Using Couchbase Enterprise Edition 6.6.3 build 9808.
DB has 170,655,089 items, 104GB / 126GB RAM, 541GB HDD. (1 bucket, 6 servers (2 for data, 4 for query and index)).

Thanks in advance!

The Index provided doesn’t qualify for query.
trsI.transactionId is ARRAY or single value?
Is trs need to check status only?

You no need group results? The reason is can it be SUM(trsI.quantity)/ COUNT(DISTINCT trsI.transactionId) ?

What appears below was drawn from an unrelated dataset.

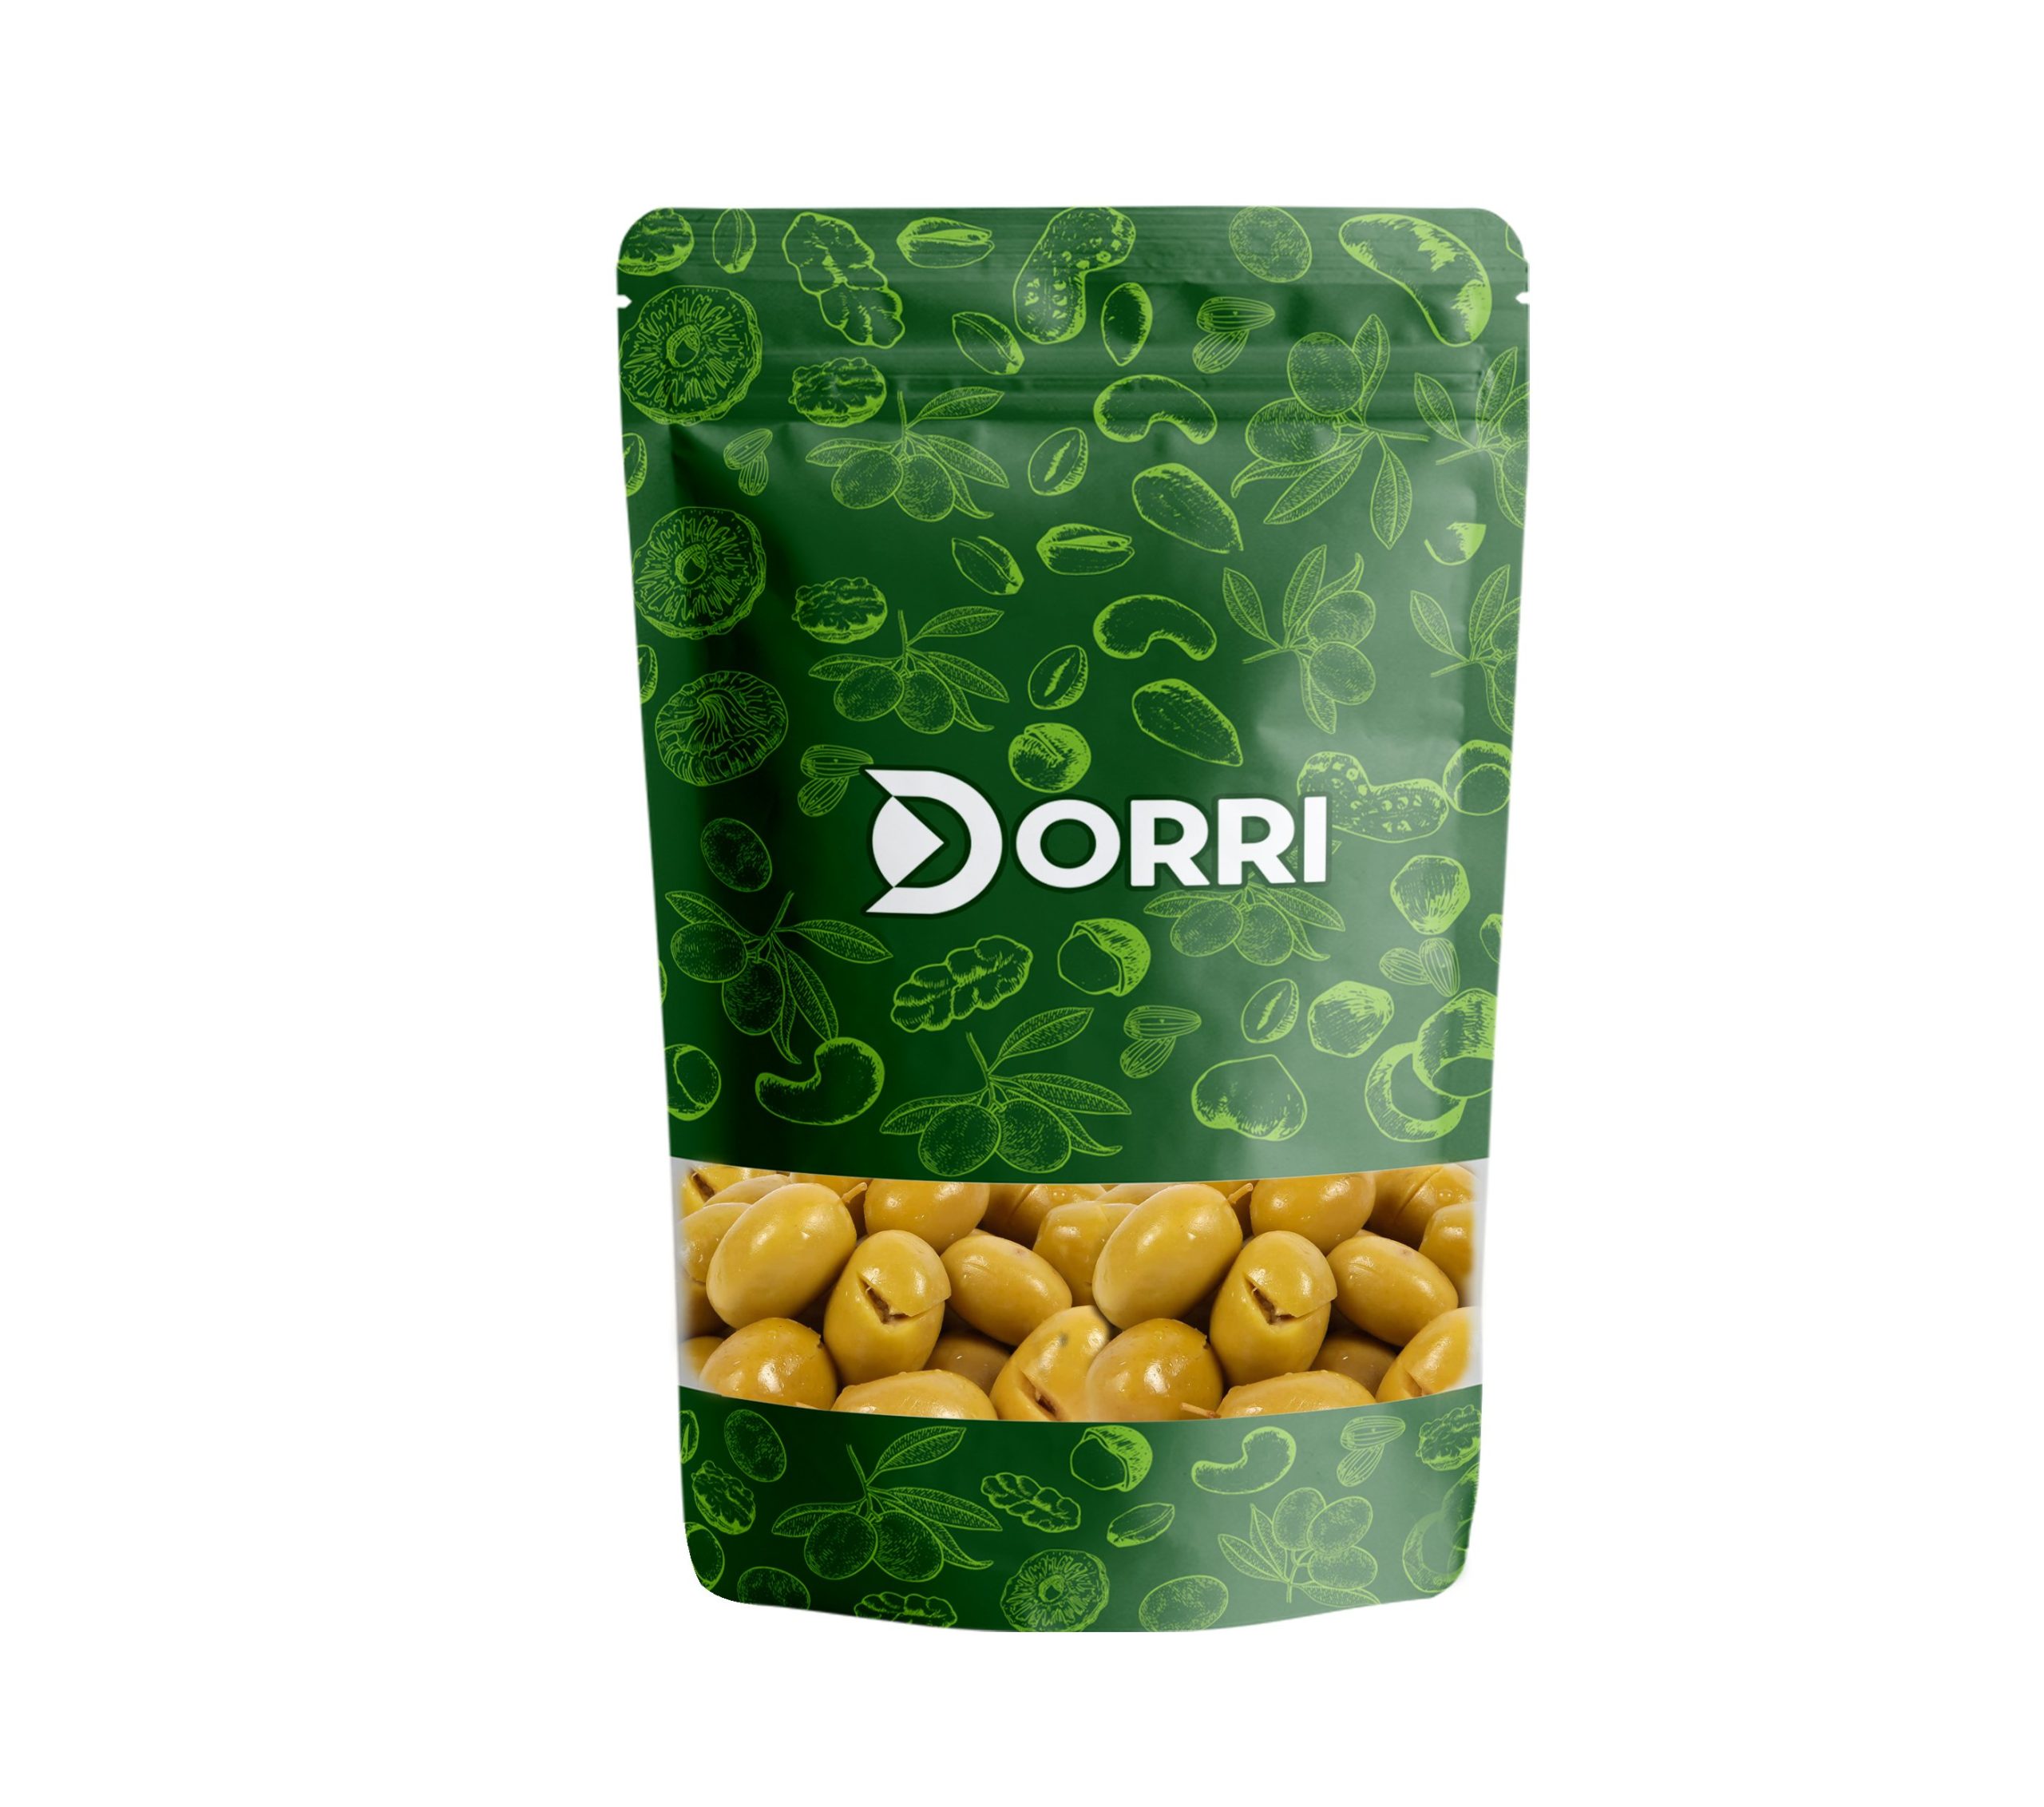 Dorri - Green Olives (Cracked)

@vsr1 thank you for response.

  1. trsI.transactionId is a value - id of items with _class = “model.Transaction”
  2. trs should check status only
  3. Yes I have to group to exclude Transactions with status = “deleted”
CREATE INDEX ix1 ON `production`(code, `timestamp`,`transactionId`,`quantity`)
WHERE ((`originalSource` = 'Y1') AND (`_class` = "model.TransactionItem"));

See First query using index aggregates any better.

SELECT RAW AVG(st.sq)
FROM (SELECT SUM(t.quantity) AS sq, t.transactionId
      FROM production AS t
      WHERE t._class = "model.TransactionItem"
            AND t.originalSource = "Y1"
            AND t.code = "x1"
            AND t.timestamp BETWEEN "2020-02-02T23:00:00Z" AND "2022-02-03T22:59:59Z"
      GROUP BY t.transactionId) AS st
JOIN production AS trs ON KEYS st.transactionId
WHERE trs.status != "deleted";

OR

SELECT SUM(trsI.quantity)/COUNT(DISTINCT trsI.transactionId) AS amount
FROM production trsI
JOIN production trs ON KEYS trsI.transactionId
WHERE trsI._class = "model.TransactionItem"
      AND trsI.originalSource = "Y1"
      AND trsI.code = "x1"
      AND trsI.timestamp BETWEEN "2020-02-02T23:00:00Z" AND "2022-02-03T22:59:59Z"
      AND trs.status != "deleted";

@vsr1 Thanks for suggestions!